Alexa+ (Plus) by Amazon sbarca in Italia: perché ci riguarda

Sembra passato molto più tempo da quando Amazon lanciava il suo assistente vocale - Alexa - in Italia eppure era soltanto il 2018.

La notizia, riportata sulle principali testate nazionali e internazionali, faceva riferimento a una serie di dispositivi che presentavano in dotazione questa soluzione.

Alexa era (ed è ancora oggi) un assistente digitale che si risveglia con una parola magica, per parafrasare la definizione del Corriere della Sera: una sorta di lampada di Aladino che fa avverare tutti i desideri.

Un assistente in grado di eseguire dei comandi con la sola percezione della voce, anche in ambienti rumorosi e dispersivi. Un’innovazione frutto degli sviluppi della tecnologia in cloud.

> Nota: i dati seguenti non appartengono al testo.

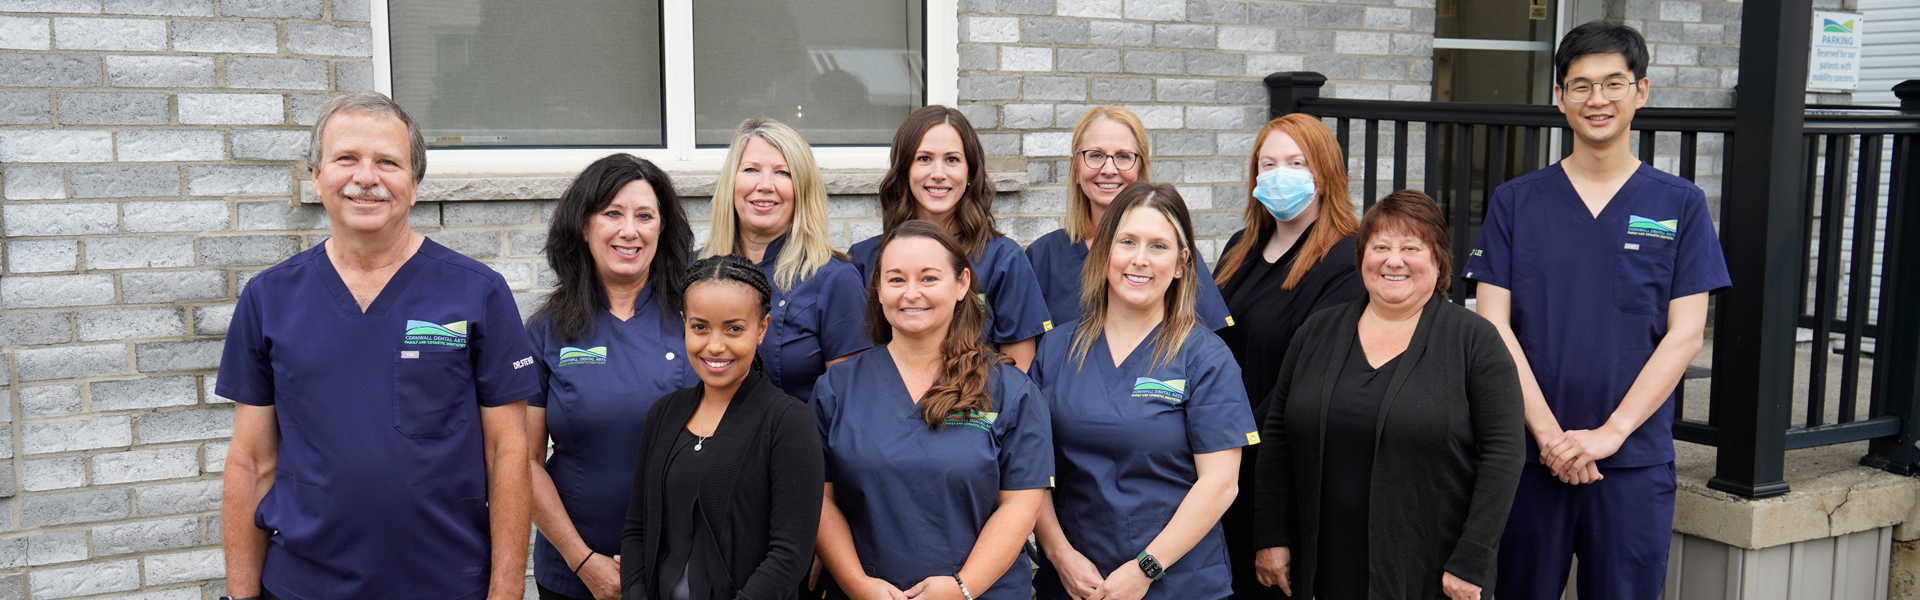 Cornwall Dental Arts Team
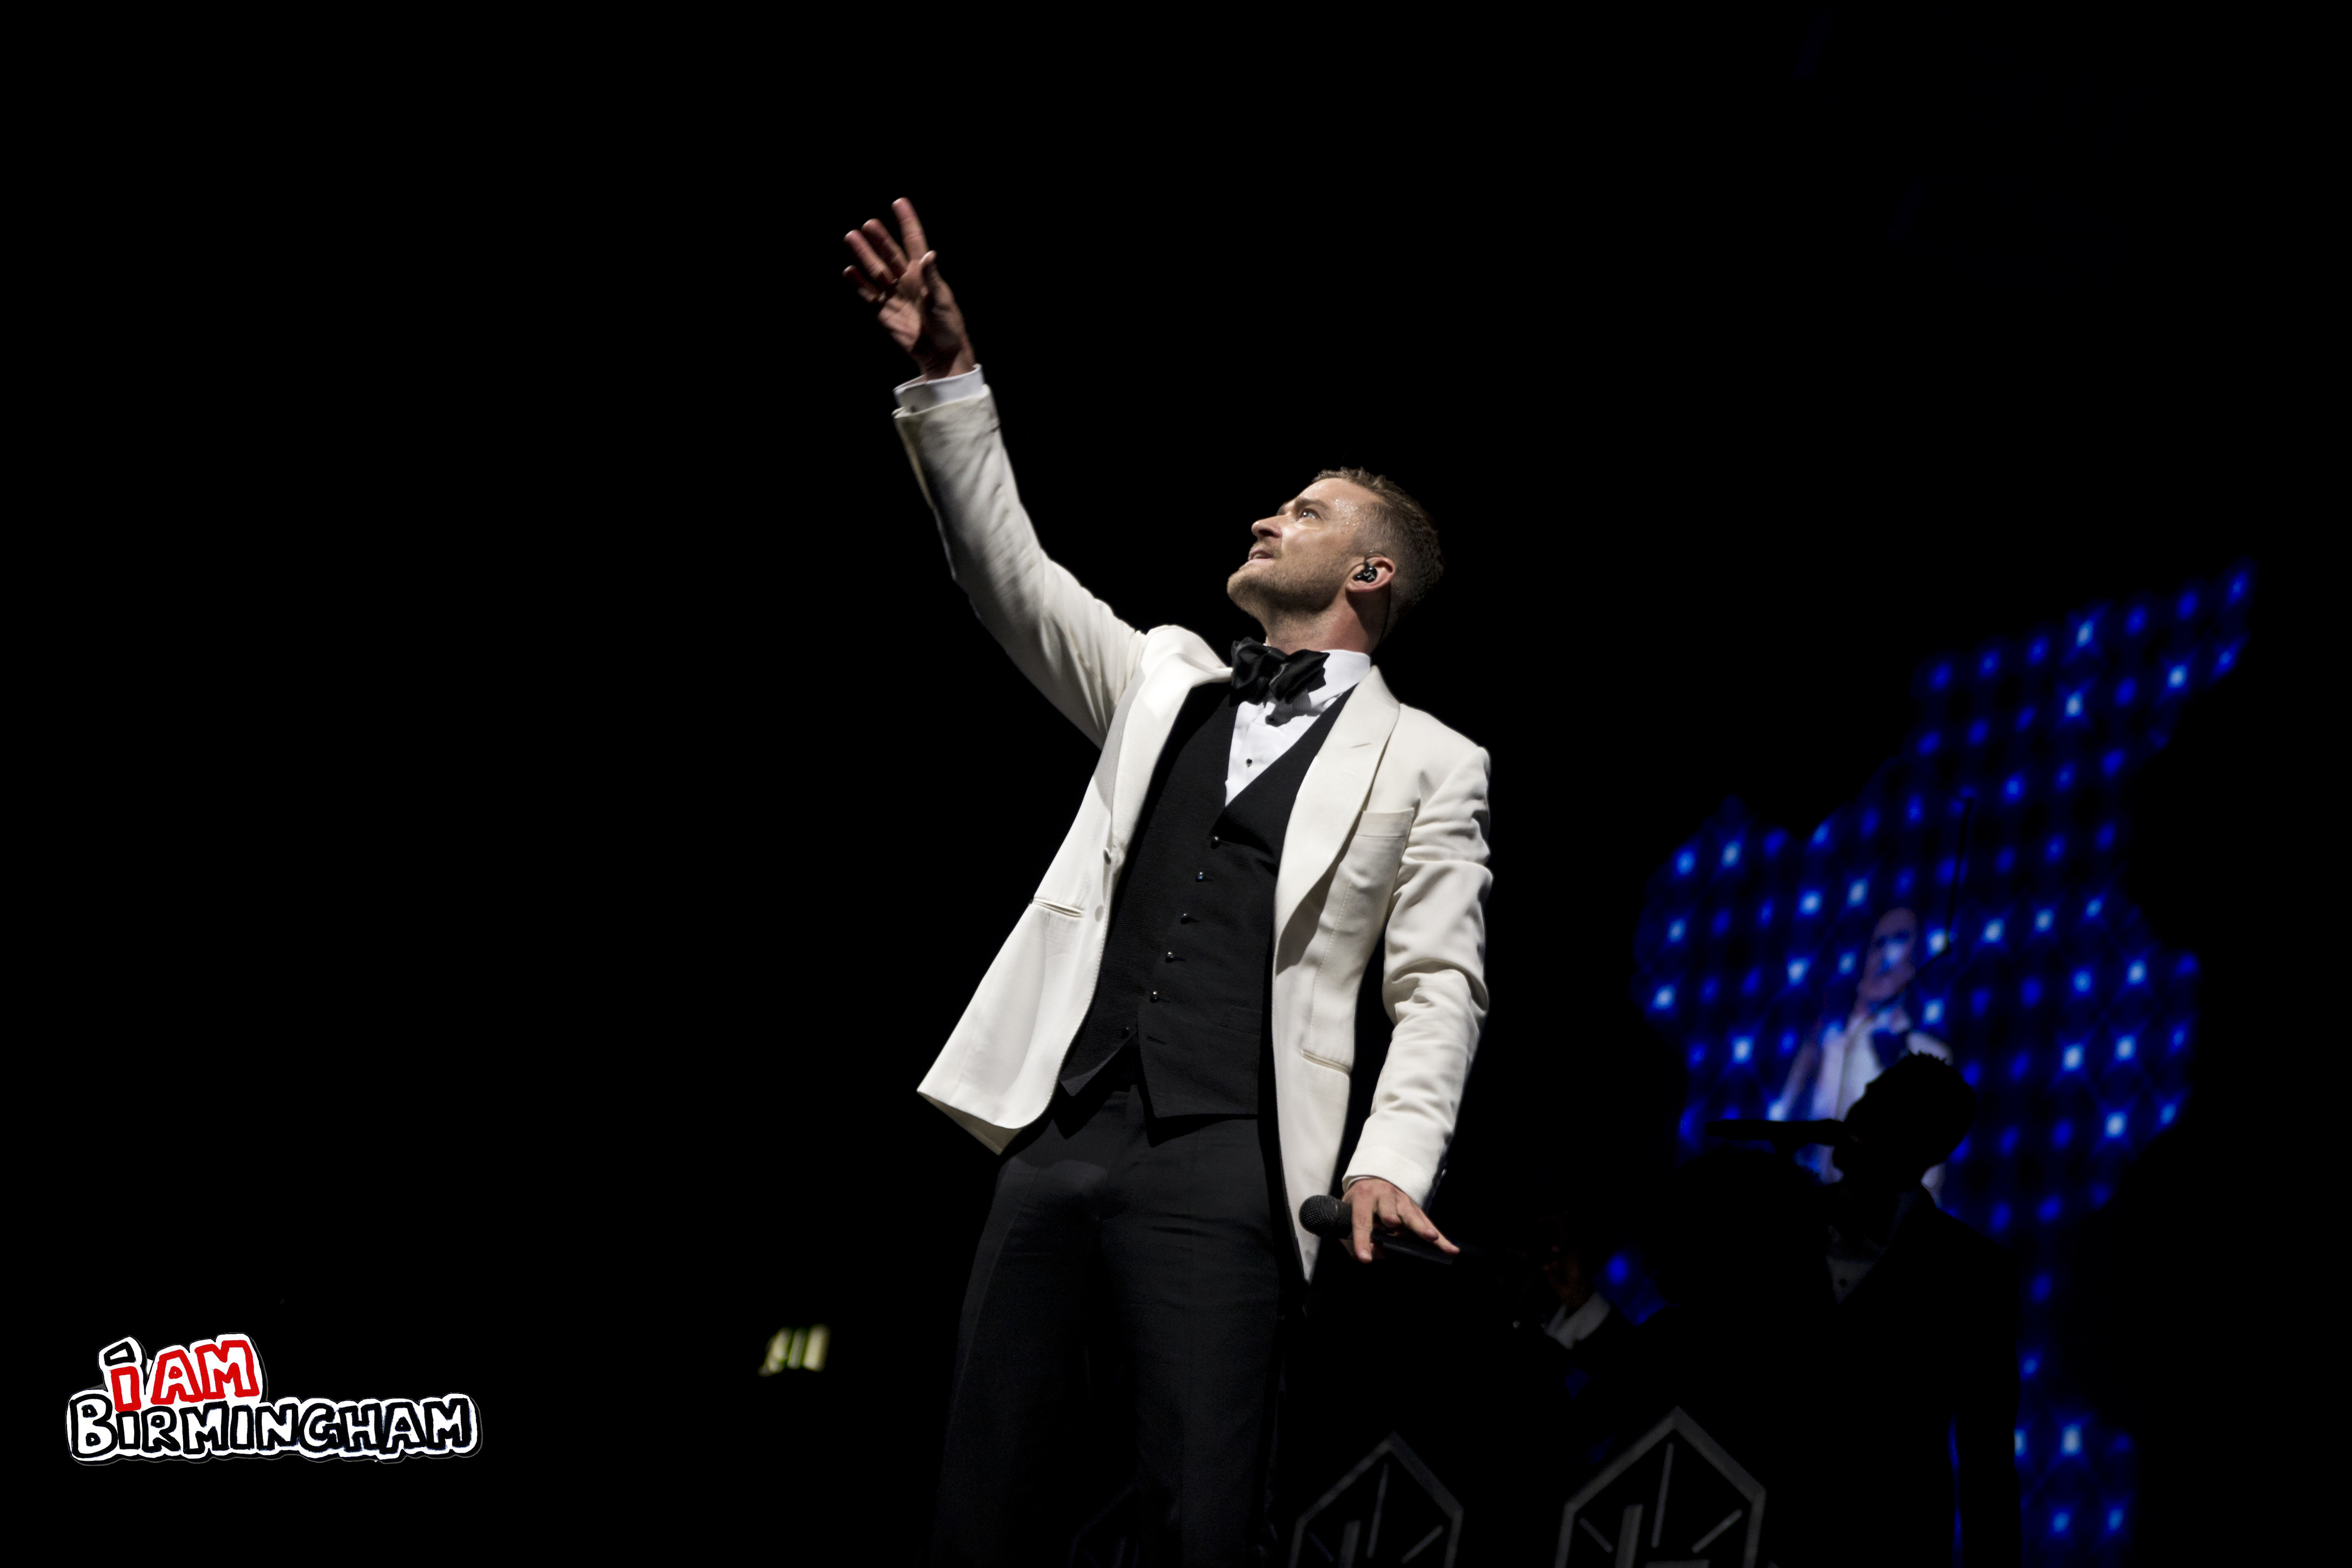 World-wide phenomenon Justin Timberlake filled the LG Arena

Oggi però non guardiamo al passato, perché dopo anni di investimenti in ricerca e sviluppo, di attese e contro attese, Amazon ha finalmente lanciato la versione evoluta del suo assistente vocale, implementata con l’IA generativa: Alexa+, già disponibile negli USA, è stata introdotta in Italia lo scorso aprile.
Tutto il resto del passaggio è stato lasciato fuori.